Leader Blues

Friday, November 27, 2009

TOP STORY >> Christmas shopping kicks off with rush

Leader staff writer

“All our TVs just blew out of here this morning,” said Clint Cook with the Cabot Walmart Supercenter, adding that the store had been pretty crowded all day.

Early local indicators point to a strong sales season as Cook’s sentiments were echoed Friday afternoon by many other area retailers, all saying that Black Friday was turning out well.

The National Retail Federation estimated that more than 130 million Americans hit the stores the day after Thanksgiving and spent between $300 and $400 each. One out of 10 shoppers started lining up outside their choice of stores as early as midnight.

But still, with national unemployment figures at 10.2 percent, many analysts expect total holiday sales to be about even with the dismal levels of a year ago.

Michael Smith with the Jacksonville Walmart Supercenter said laptops and televisions had been really strong early Friday. “We’ve still got a good crowd,” he said about mid-afternoon Friday.

Both Smith and Cook stressed the crowds were orderly during the big morning rush and there were no problems at either store.

Safety was a concern after a Walmart employee was trampled to death in Long Island, N.Y., last year.

Cook said the store organized the sale items and customer lines a little differently this year and that helped prevent any problems.

Smith said about a half dozen Jacksonville police officers were on hand during the rush to help with crowd control. “It all went well,” he said.

Cindy Carter at Chambers Drug, a mainstay in downtown Jacksonville, said the crowd was bigger than normal. “It’s been great.

We had a big burst when we opened at nine and then it cleared out some but has been crazy since 10 this morning.” Carter said the store’s offer of free gift-wrap has really helped.

Ralph Wilkin at Whit Davis Lumber in Jacksonville was also pleased. “It started out slow as everyone was at the Walmarts and Best Buys, but has really picked up this afternoon. For the economy, it has turned out pretty good. Much better than last year,” Wilkin said.

A manager at Big Lots in Jacksonville said business “has been super. Everything is rolling good.”

At the Cabot Kmart, things were apparently going so well that the receptionist said, “We are too busy to talk to the newspaper.

Call back in a couple of days.”

Curtis Green at Fred’s in Jacksonville said it’s been a good day. “We’ve had decent traffic and everything has gone smoothly.”

Green said the store has sold a lot of toys and DVD players.

At the local Sears, the manager said customers scarfed up a lot of appliances. “It’s been a really good day,” he said.
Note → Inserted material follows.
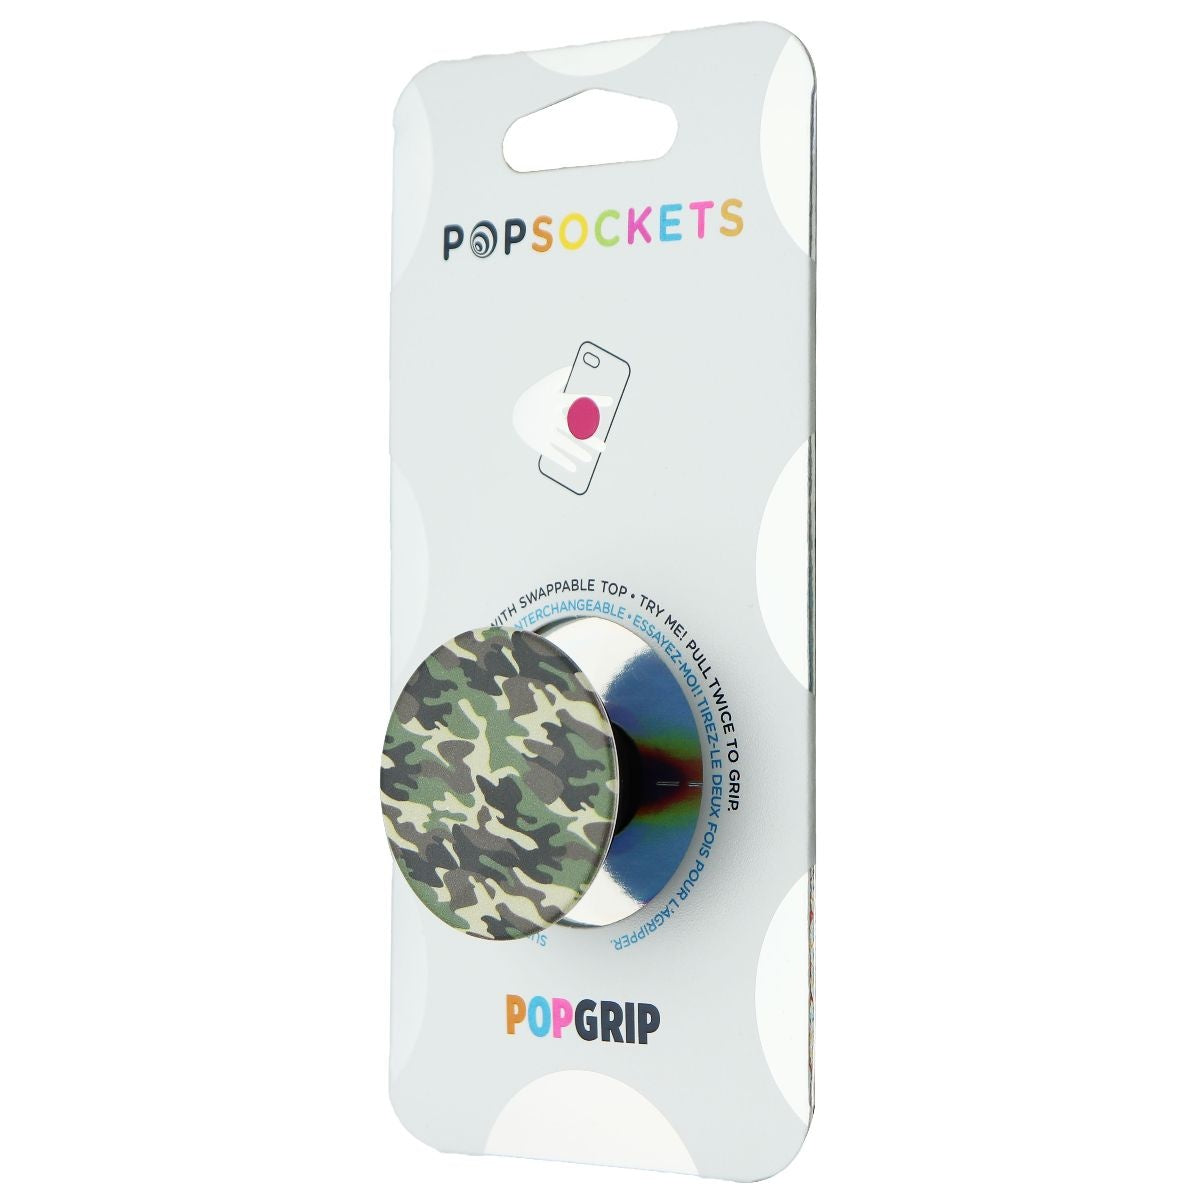 PopSockets PopGrip Expanding Stand and Grip with a Swappable Top - Woodland Camo

Ginger Lassiter, owner of the Ginger Tree in Sherwood, said everything was going fine. “We’ve been busy most of the day. It’s been very steady,” she said.

Sherwood and Jacksonville police said that that except for some traffic jams near the stores, the day was quiet for them.

Black Friday gets its name because it traditionally was the day when huge crowds would push stores into “the black,” or profitability. But the weekend doesn’t necessarily predict spending for the rest of the season, which accounts for as much as 40 percent of annual sales and profits for many stores.

Retailers closely study buying patterns for the Thanksgiving weekend to gauge shoppers’ mindsets — what kinds of items they’re buying and what deals are luring them in to stores.